Город пропитан подозрениями, они сочатся из каждой пары глаз, проникают в охваченные страхом людские сердца, нашептывают мерзости про случайного незнакомца, встреченного на улице. Стоит лишь зажечь искру – и пожар чужой ненависти будет не остановить. Когда-то ей уже пришлось пройти через все грани предрассудков, будучи заклейменной дочерью убийцы. Хочет ли она стать мишенью для ослепленных неизвестностью жителей?
Девушка распахивает один за другим несколько ящиков столешницы, где хранятся медицинские принадлежности, хватает нужные и опускается возле тела на корточки.
Надпись с ее именем просто нарисована кровью и легко стирается смоченным в спирте ватным шариком, в то время как остальные оставлены чем-то вроде тонкого лезвия. Рука Сабины на миг замирает, прежде чем окончательно стереть ее имя. Когда оно исчезает с поверхности уже чуть теплой кожи вокруг ножа, взгляд ее поневоле притягивается к резаным ранкам. Аккуратные линии высвечиваются, вытягиваются в симметричные строгие ряды, словно тот, кто писал, скрупулезно вычерчивал их по линейке, а тело умершей было лишь расчерченным листом тетради. Цветок нарцисса в белой ладони будто последний дар перед смертью.
Буквы теснятся, подпирают друг друга, вскидывают вычурно выписанные абрисы, стекают изгибами под конец слов. Бессмыслица. Была ли она порождением больного сознания? А может, в нее вложен какой-то смысл, ведомый лишь его создателю? И что хуже – привлечь внимание безумца или стать актрисой в постановке, разыгранной, чтобы тешить эго хладнокровного убийцы?

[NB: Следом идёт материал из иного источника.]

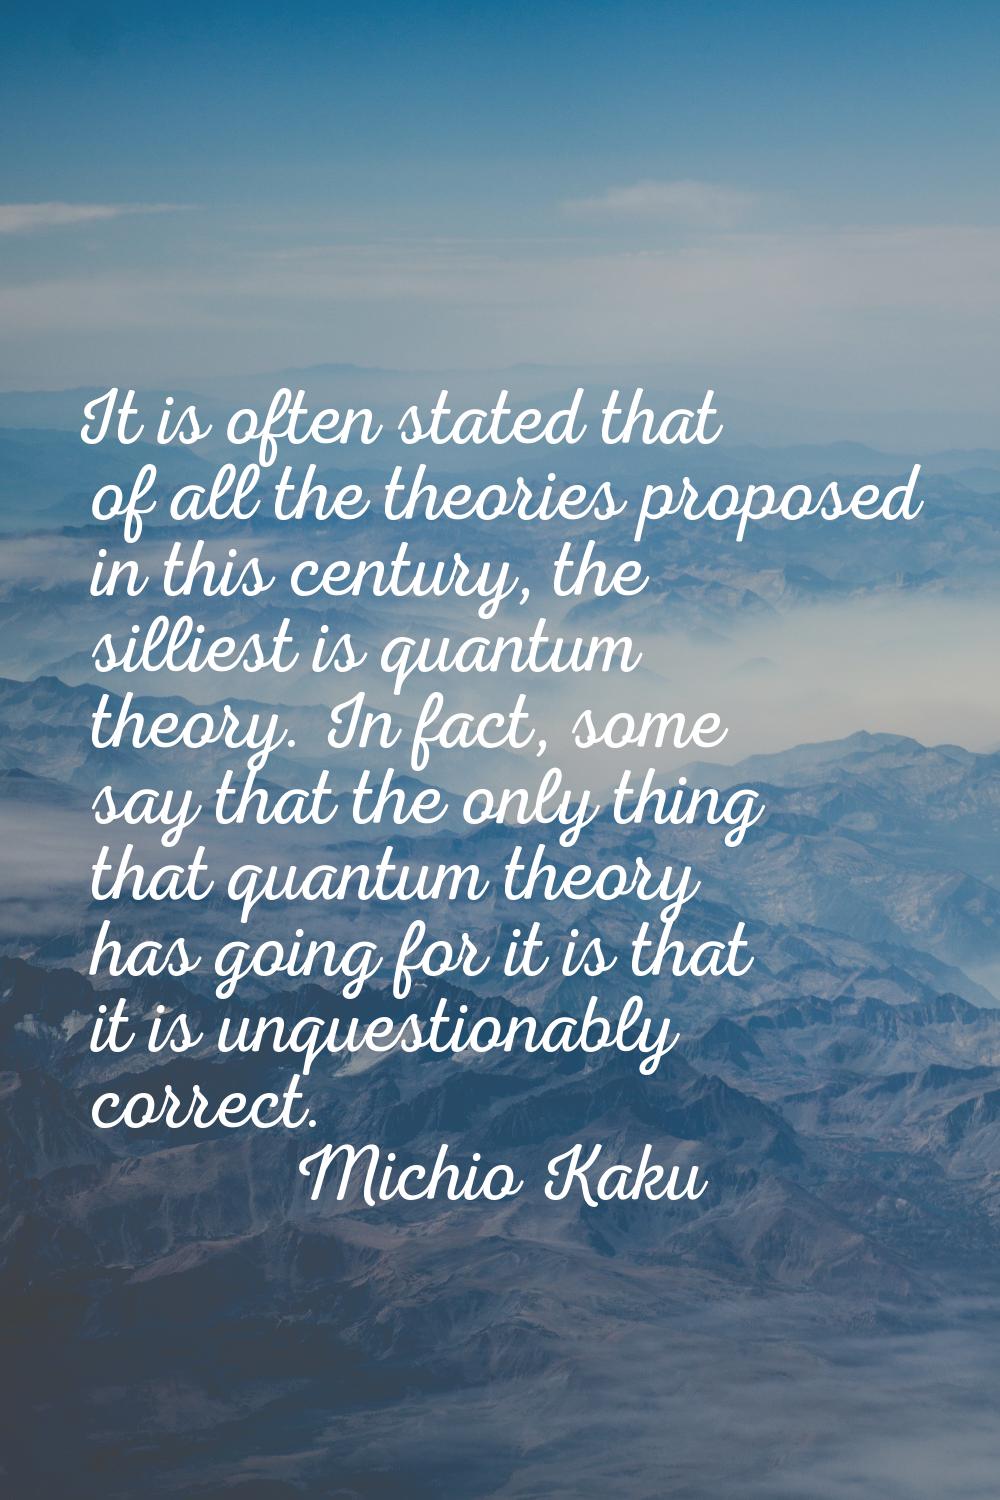 It is often stated that of all the theories proposed in this century, the silliest is quantum theor

Сабина чувствует, как воображаемые часы отсчитывают оставшиеся у нее минуты.
***
Полчаса спустя больница наполнена жизнью, и как оно порой и случается, смерть становится тому причиной. Ее тревожный образ будоражит сознание, зовет прикоснуться к себе, а затем в ужасе отпрянуть, преисполненному сокровенным знанием, сопричастностью к чему-то по ту сторону привычного бытия. Ночная тишина уступает место звукам высоких голосов, глухой сутолоке и шелесту шагов, заставляя Сабину сжиматься от невыносимой переполненности ощущений.
Место нахождения тела до приезда следственной группы прикрывают ширмой, чтобы не пугать людей и не раззадоривать пересуды, которые, впрочем, и так не смолкают. Пациентов будят и спешно переводят в палаты на верхних этажах и противоположном крыле больницы. Та самая женщина с бутылкой выходит самой первой и громко спорит о чем-то с сопровождающим ее санитаром. Проходя мимо Сабины, она качает головой, но ничего не говорит, только суховатые руки ее крепче стискивают на груди шаль, и девушка вспоминает о своей собственной, оставшейся в сестринской. Ее немного знобит, и накидка бы не помешала.
Вскоре на поступивший ранее вызов приезжает оперативная группа. Коридор оцепляют с обеих сторон, он вновь наполняется суетой, но теперь это уже не толчея разбуженного муравейника, а слаженность пчелиных сот, облаченная в одноразовые перчатки и бахилы. Оперативников всего четверо, женщина в медицинской маске сосредоточено осматривает тело убитой, попутно делая фотографии на телефон, а коридор изучает совсем молодой парень – ровесник Сабины или чуть-чуть старше – с небольшим чемоданчиком и видеокамерой. Двое других мужчин переговариваются с Давидом Тиграновичем – заведующим больницы. Один из них стоит к Сабине спиной, но девушке не нужно видеть его лицо, оно и так отпечатано в ее памяти, вдавлено как оставленный металлической пластиной узор на римском стекле, слишком хрупком, чтобы изменить однажды сделанную форму. Она слышала, что у животных есть критический период – так называемый чувствительный возраст. Это время, когда детеныш птицы или млекопитающего запоминают определенный образ – родителя или другого существа, который на всю оставшуюся жизнь определяет их поведение. Иногда Сабина думает, что время, когда она повстречала этого человека, тоже было таким чувствительным возрастом, и теперь на долгие годы с ней остался жить призрак воспоминания о когда-то причиненной обиде.